In October 2014, two EAL Grade 9 students took the brave step and in their Applied Linguistics Project they chose to use a method that was completely new to them (and quite new to their teachers, too) – corpus analysis. As of March 2018, over 75% of topics chosen by this year’s EAL and Academic Writing students are corpus-based or corpus-assisted, using either existing corpora or corpora compiled by the student specifically for the project. Corpora have also become a standard tool to answer questions about language in the EAL and Academic Writing classes.
To learn more about the Applied Linguistics Project, see a previous post or contact us.
Why corpus-assisted studies?
Data vs. intuition
What is the most frequently used conditional in academic English?
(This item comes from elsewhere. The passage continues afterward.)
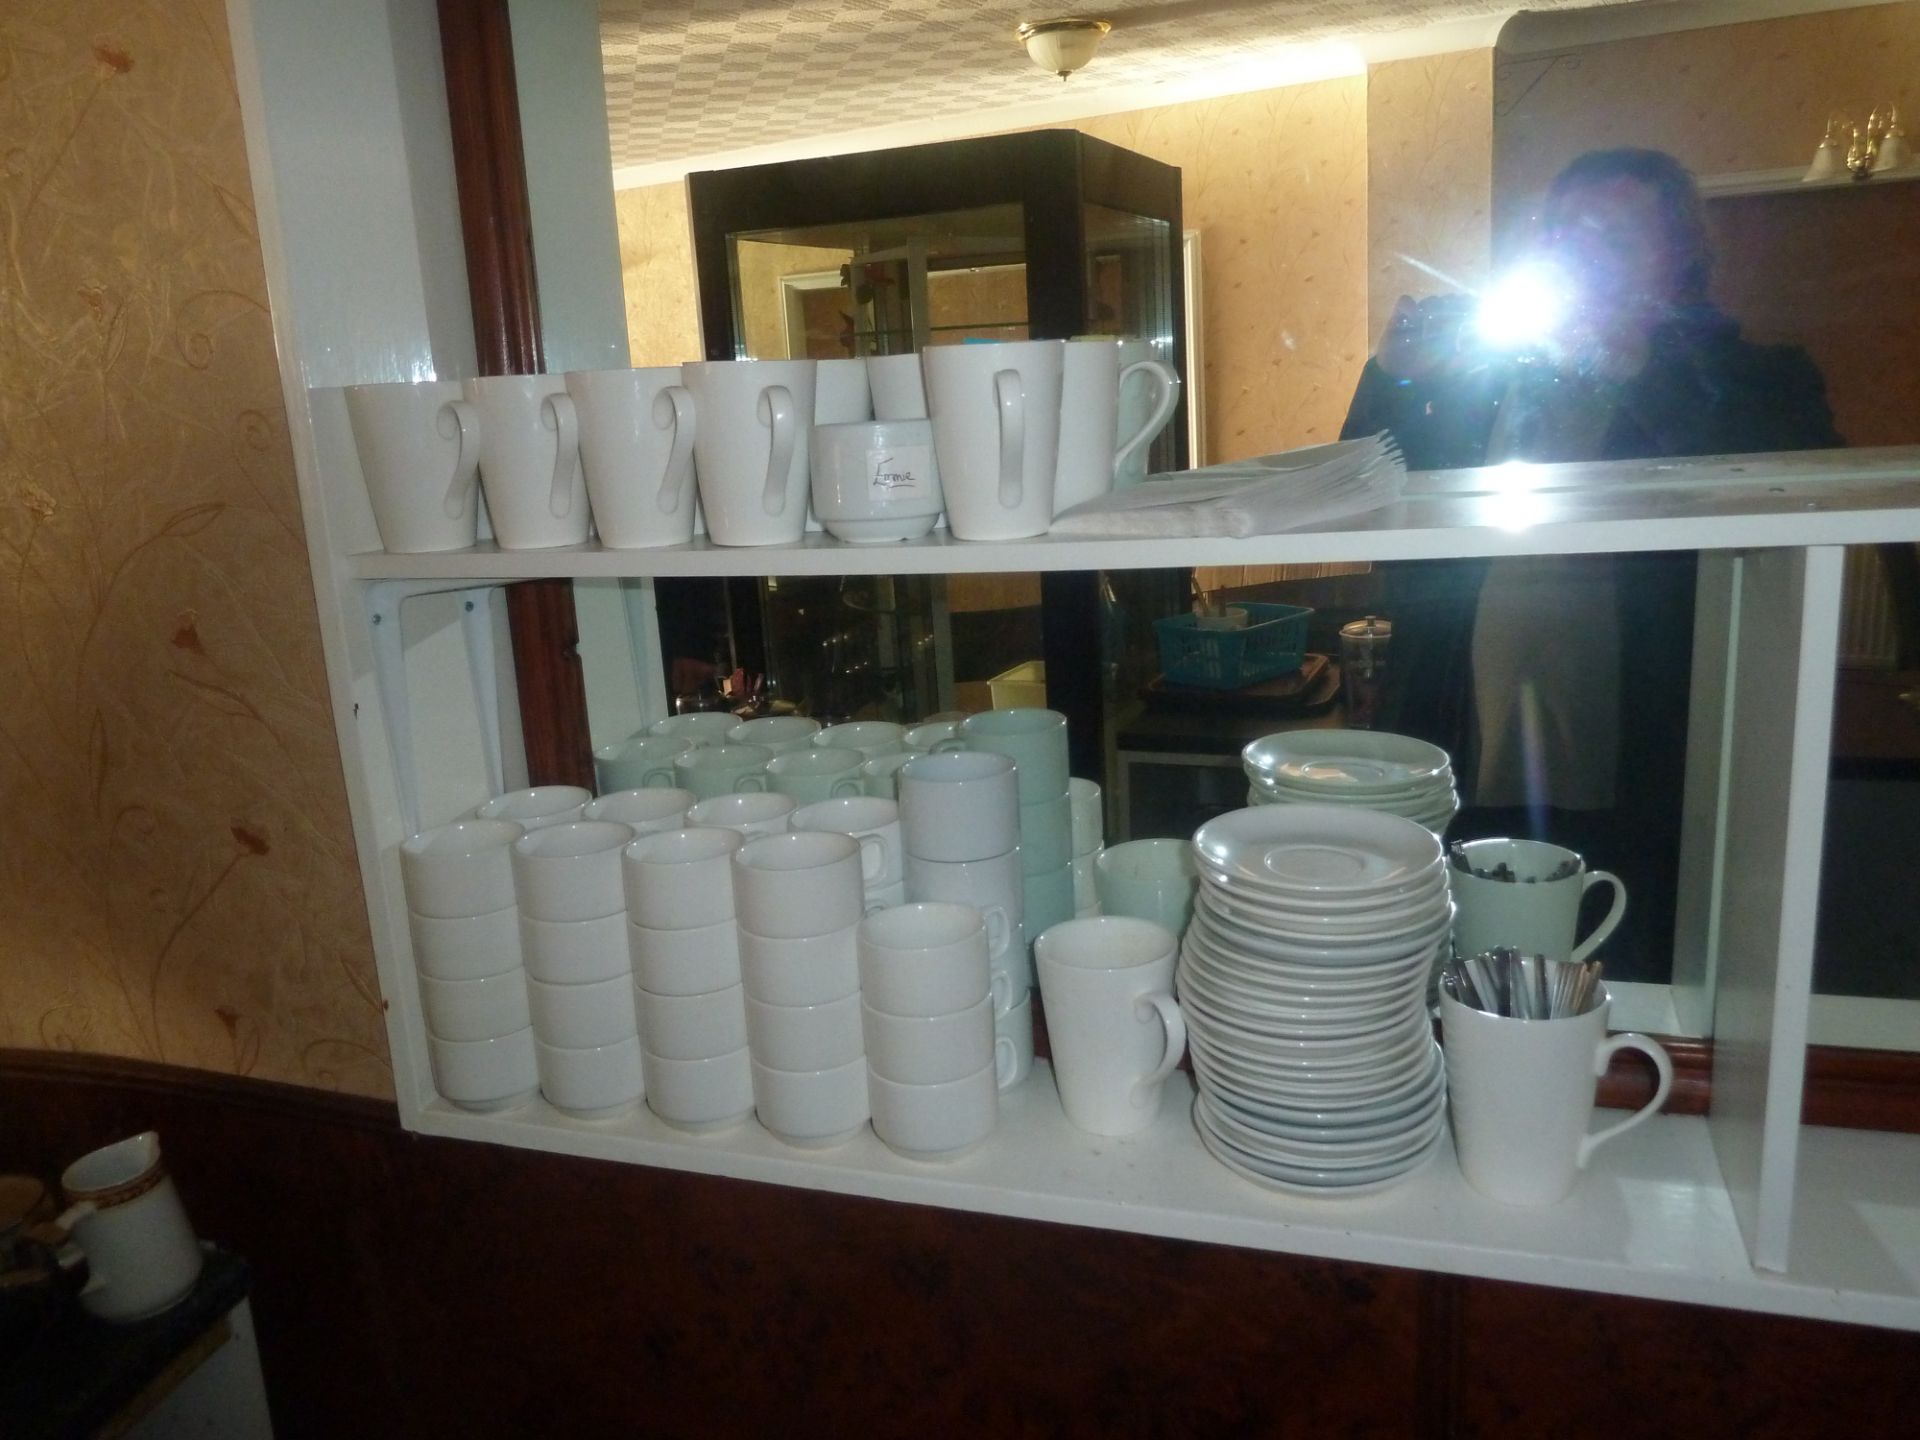 * Mixture of quality cups, saucers and mugs

Is it more common to use “can” to refer to ability or to express modality? And is it grammatical to use the word “English” in the plural? Surprisingly, our gut feeling about these questions might not correspond to what data retrieved from authentic texts tell us. The power of corpora lies in their capacity to reveal how language is actually used, rather than squeezing language into the neat organization of a grammar book. The moment we are faced with the raw data churned out by the machine, discovering it contradicts what we believed about language, is the moment our journey to discovery truly starts.
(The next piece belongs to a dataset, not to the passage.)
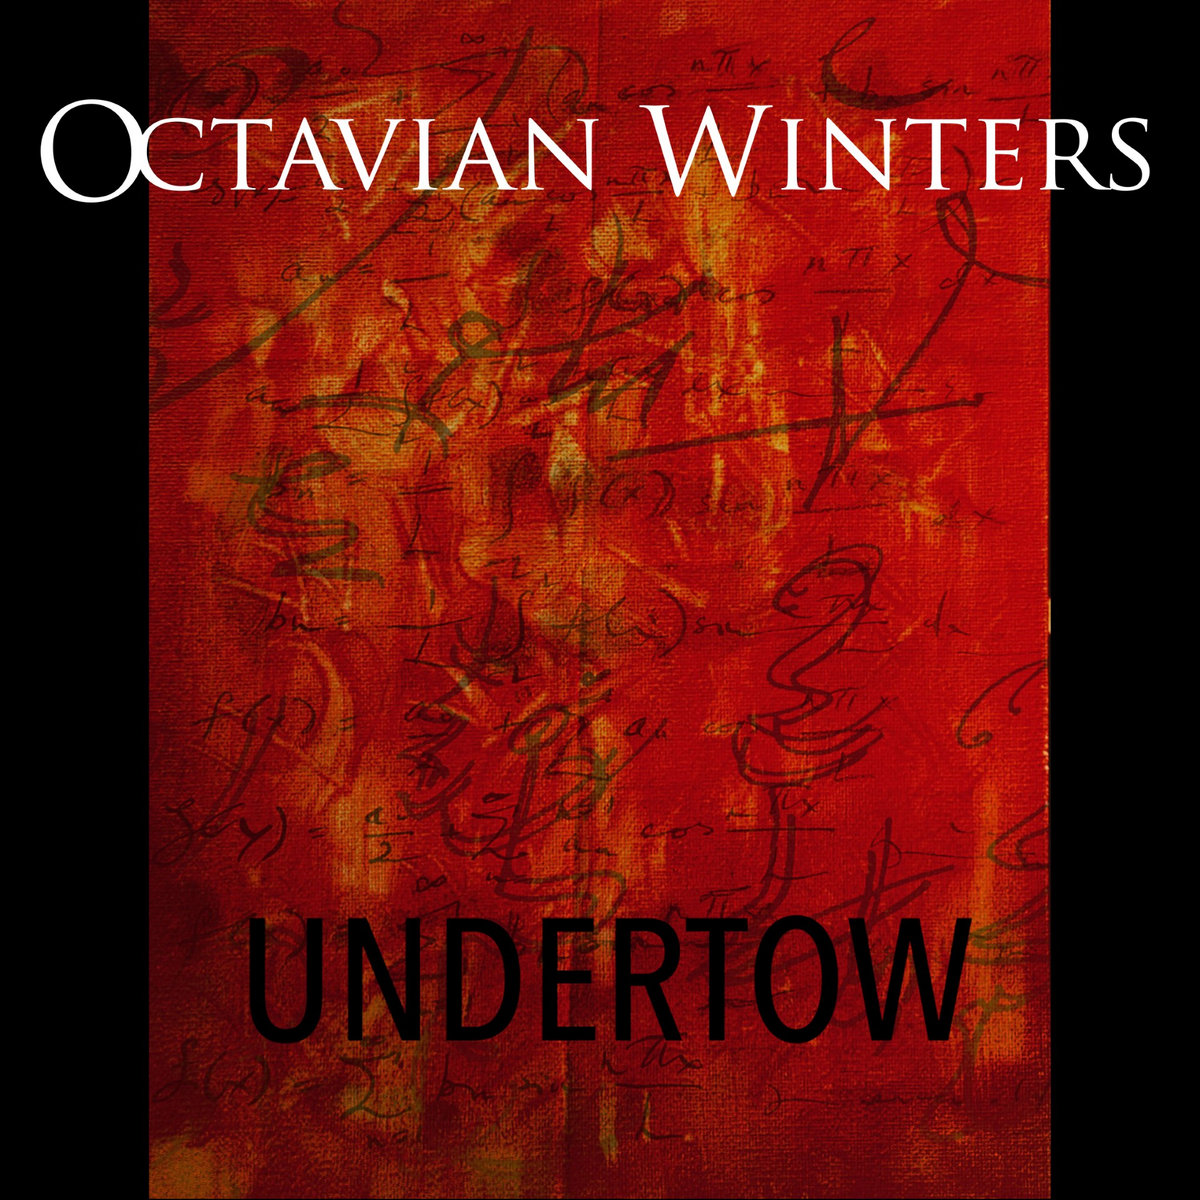 Post-punk shivers – Octavian Winters – The Line of Curve EP

“Language analysis is just guesswork.”
Interpreting language is often seen as something subjective, slippery, hard to capture. Corpora provide us with hard data and allow us to quantify our findings about language. Using electronic corpora also enables us to process large amounts of data, which reduces the risk of outliers swaying the findings. Last but not least, as the researcher is removed from the process of data retrieval, there is less opportunity for confirmation bias.
Beyond the classroom: ideas worth exploring
The tangible outcome of the Applied Linguistic Project is an academic paper and a presentation in front of an expert panel at Charles University. The intangible, but perhaps more significant, impact is the insight students gain into their own linguistic situation and learning, as well as the questions that arise from their findings. These trigger classroom discussions and spread outside the EAL classroom: students revisit ALP topics in their work in TOK and IB Language and Literature classes, or expand on them in their Extended Essay. Annually, selected ALP topics are developed into talks presented at the TEDxYouth conference hosted at ISP, reaching an even broader audience.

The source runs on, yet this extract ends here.